Тимофей вскочил и, просквозив комнаты, заперся в боковушке, упал ничком на кровать. Еще все кипело, бушевало внутри, но тут же и сонно цепенело, нервный смех разбирал: ухо навострилось, ловило материны слова, доносящиеся из кухни и словно бы обращенные к кому-то другому и потерявшие остроту. Обнесла себя забором, заковала, будто и не в миру живет, и добровольная келья, кою трудно сбивала долгие годы, никого не допуская туда, стала желанной. Со всеми перессорилась, переругалась: обветшалый домок, повитый черемуховым листом, внучка да наволочка мужних затлевших писем, с коими не расстается, – вот и вся утеха. Изводит близких, себя изводит. И вот когда не на глазах мать, а за стенкой лишь, – и уже так жалко ее, нестерпимо жалко, хочется погладить по жиденьким волосенкам, поцеловать нервную пергаментную руку. Прости, сказать, мама. За что казним!..

– Ему жить не хочется! – накатывало из-за стены. – Бездельники. Пожили бы с наше, натерпелись бы, такой бы дури не имели. Оттого и детей нет, раз жить не хочется. Боитесь детей-то, боитесь лишний раз пересадиться. – Тут она споткнулась, молчание охватило дом, гнетущее, полное взаимной вины. И вот сквозь стенку завздыхало, просочились горловые натужные всхлипы. Мать плакала. Тимофей сжался в кровати, худенький, посеревший, с дергающимися губами: обида наплыла и скоро отхлынула, лишь осталась в груди жалость к старенькой. Через час, наверное, зазвякали чашки: готовился чай. Всхлипы прекратились, но еще пробивались редкие невесткины увещеванья. Голос у жены был довольный, сытый, знать, плач свекрови помог Нине обрести уверенность. Ей нравилось быть хозяйкой и утешать.

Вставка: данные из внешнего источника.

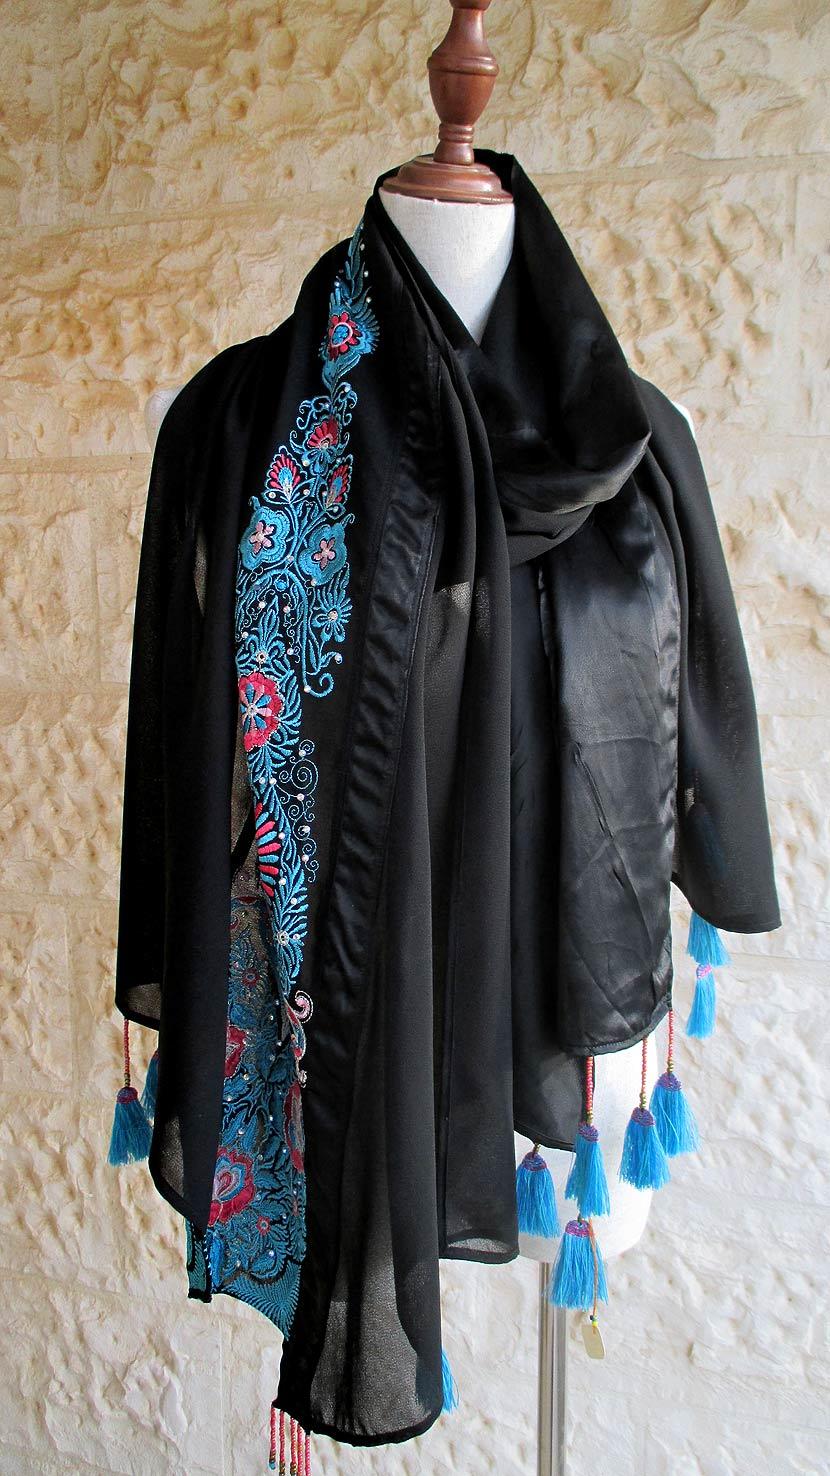 Long black shawl

– Хорошие колечки, – вдруг сказала мать и высморкалась. – Дорогие, наверное?

– Дорогие…

– У меня отцово было, да и то Куклину снесла. Он где-то по властям работал в районе, ответственный за золото. Как не сдать? Я тогда комсомолкой была, активная. В каждую дырку совалась, кипела. Это не нынешняя молодежь. – Мать взяла вожжи в свои руки, никто не перечил ей, не встревал, не пытался править ею, ниоткуда не ожидалось досады, и мать успокаивалась. – В тридцать первом пришел ко мне Куклин и отдал конверт с сургучными печатями. Это, говорит, проверка твоей комсомольской честности. Готова ли ты идейно. Чтобы, говорит, ни одна капелька не слетела с печатей и чтобы никто не узнал про конверт – это великий секрет. Он серьезный был дядька, зубастый, его почто-то боялись. Как с уезда проедет, старались на глаза лишний раз не лезть. Как сейчас помню: если, говорит, я завтра не приду, то явится один человек и скажет пароль: «кот». Сутки для меня были бесконечны. Никому не скажи, отлучиться боялась, спрятала письмо за настольное зеркало и просидела всю ночь, глаз не сняла. Наутро он сам пришел, письмо забрал, и вскоре слух донесся, что с золотом народным он сбег.

– Ты смотри, еще какой народ есть, – только и прибавила Нина.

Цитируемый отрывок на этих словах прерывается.